- **What you will do**
For the data that follows, return each line unchanged and drop the pictures.

- **Provided material**
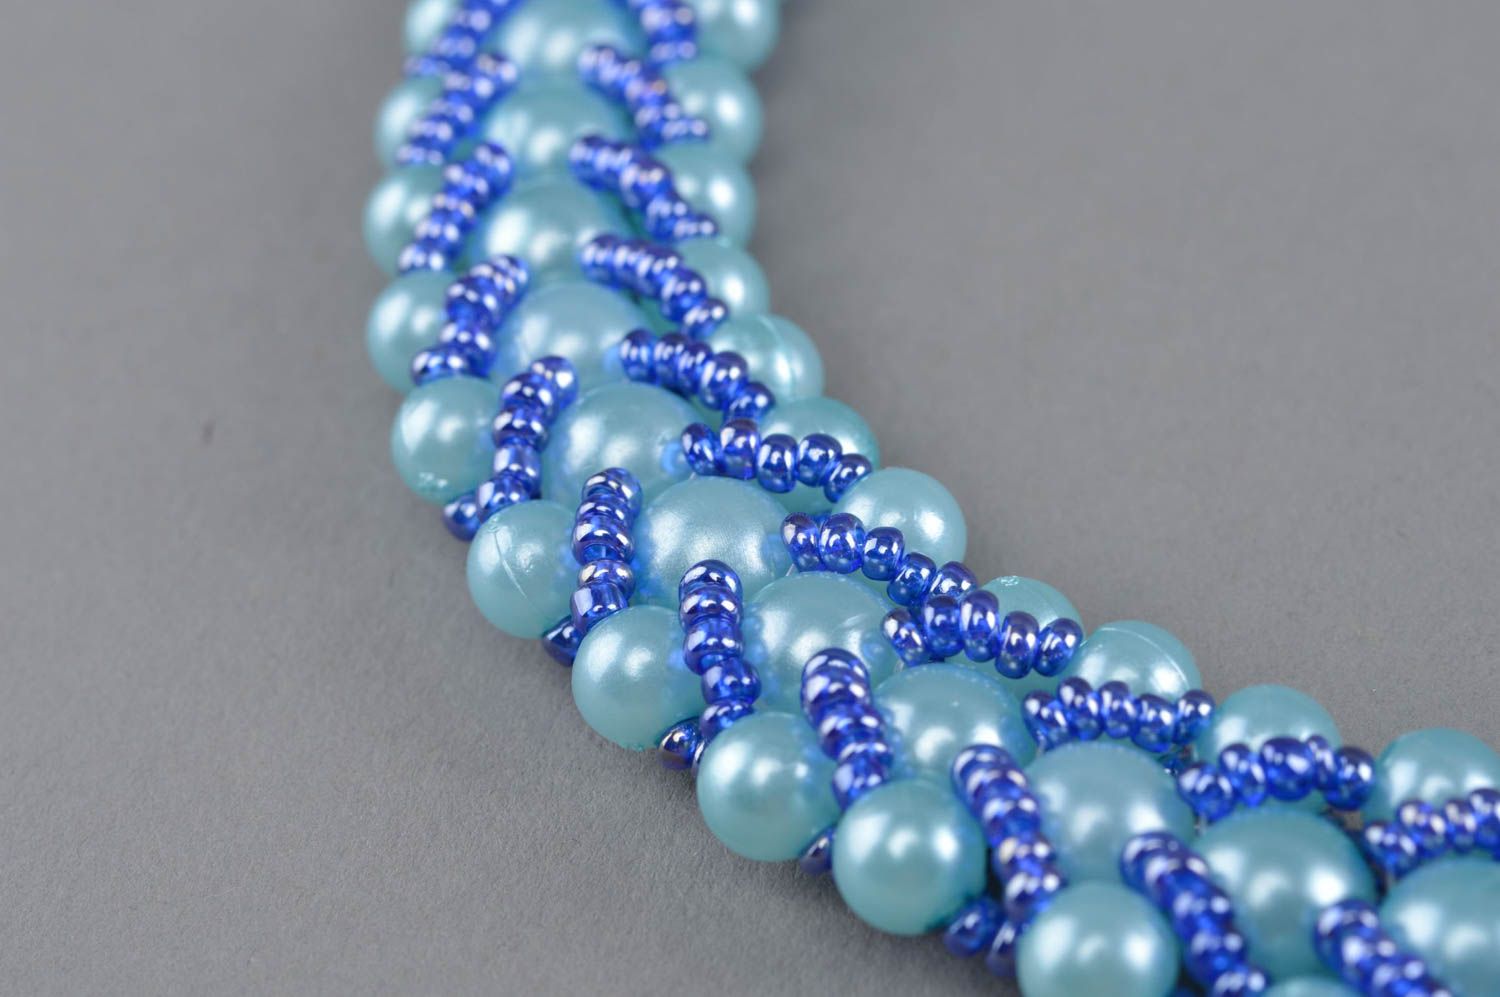 Ожерелье из бисера и бусин ручной работы в голубых тонах красивое авторское фото 3
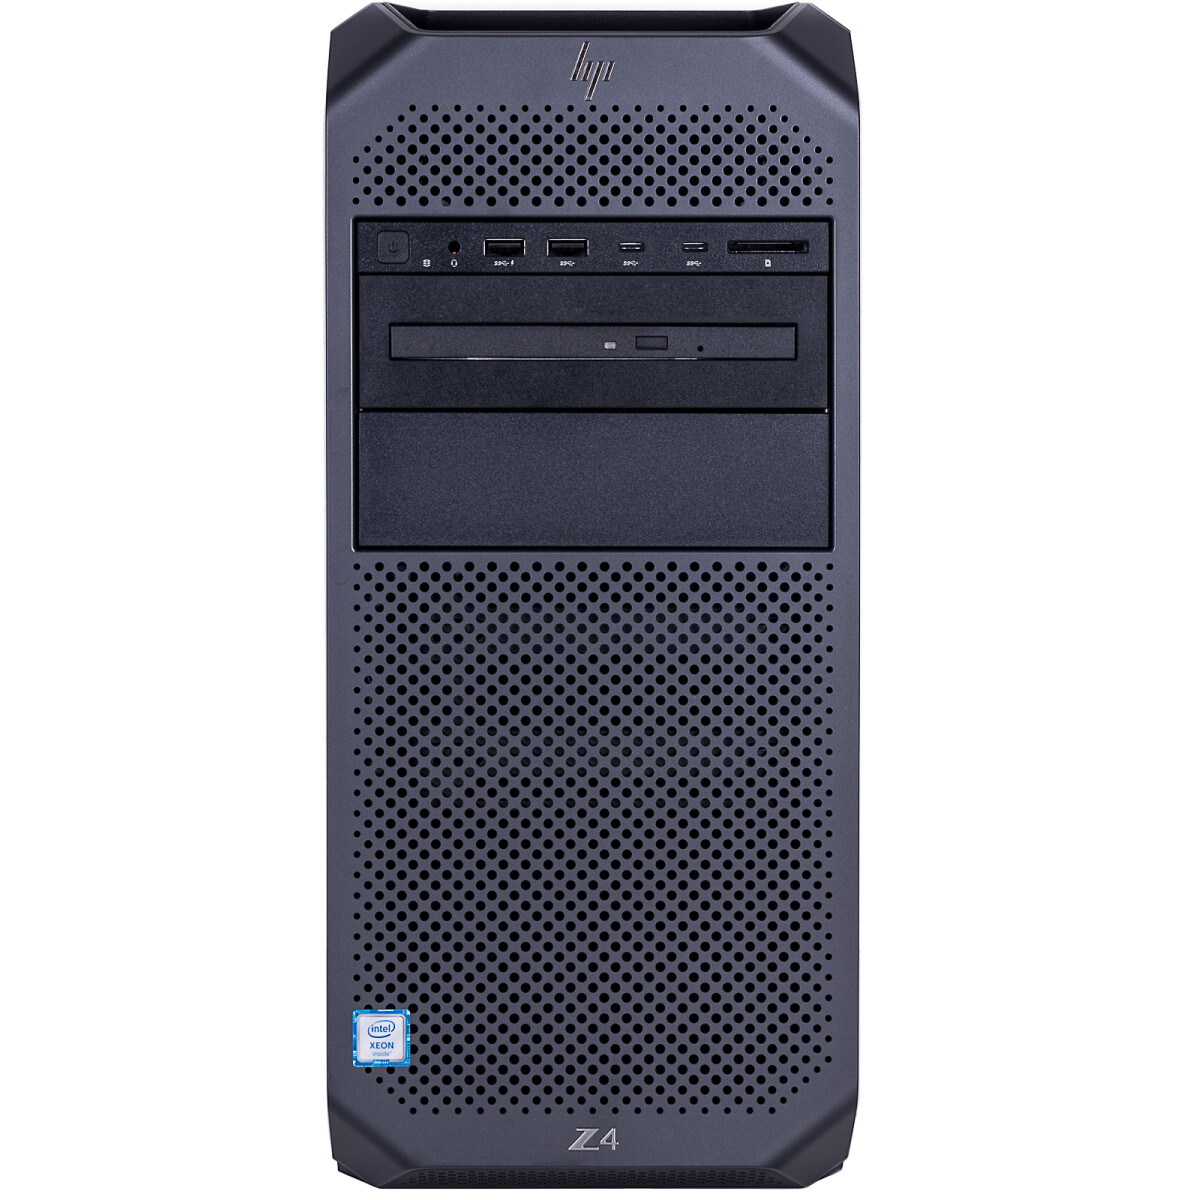 HP Z4 G4 Workstation XEON W-2145(8コア) メモリ64GB SSD256GB ワーク ...
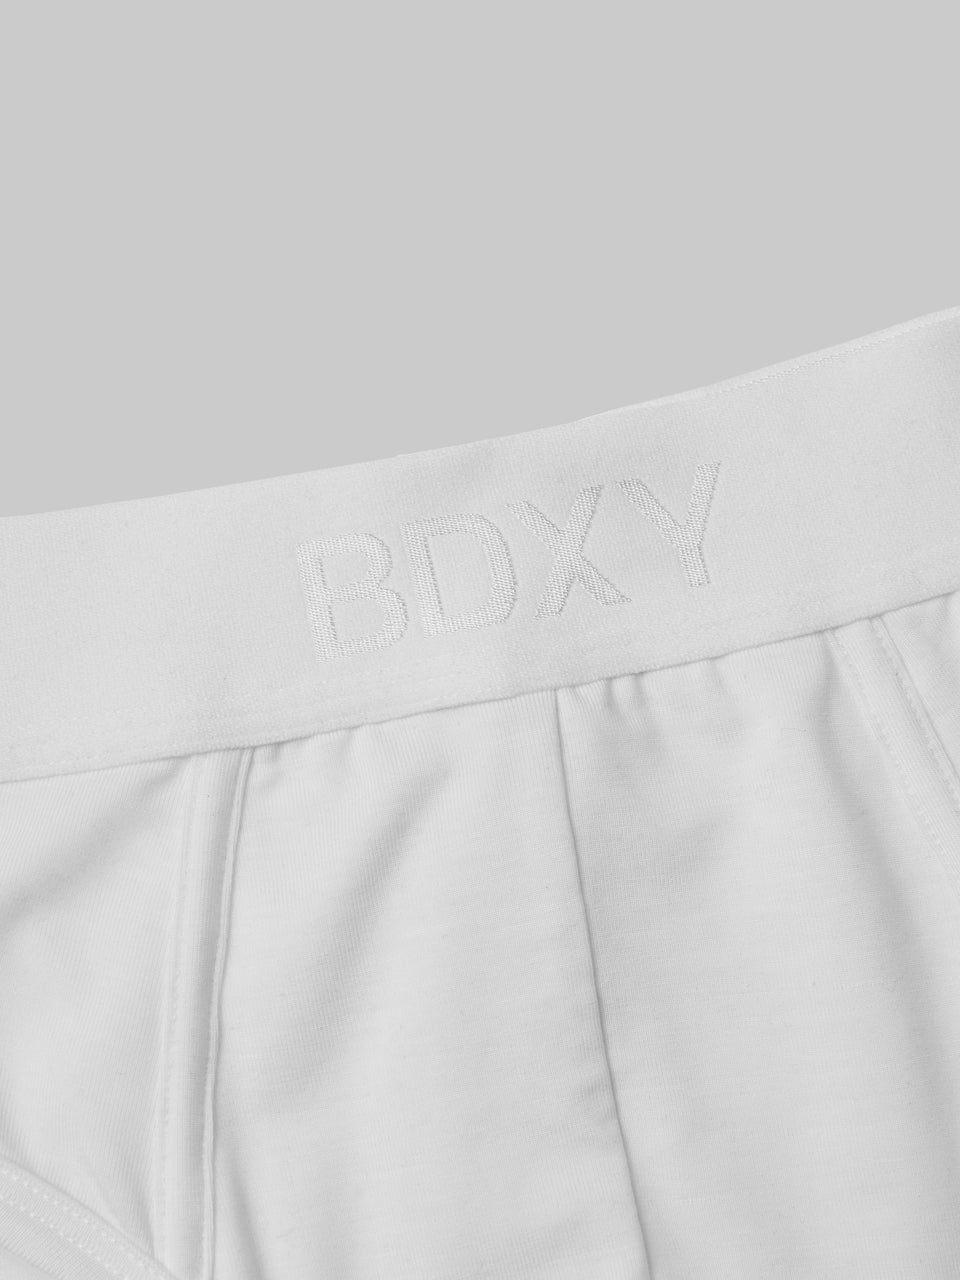 'The Unit' Underwear Brief White

- **The answer**
 Ожерелье из бисера и бусин ручной работы в голубых тонах красивое авторское фото 3
 HP Z4 G4 Workstation XEON W-2145(8コア) メモリ64GB SSD256GB ワーク ...
 'The Unit' Underwear Brief White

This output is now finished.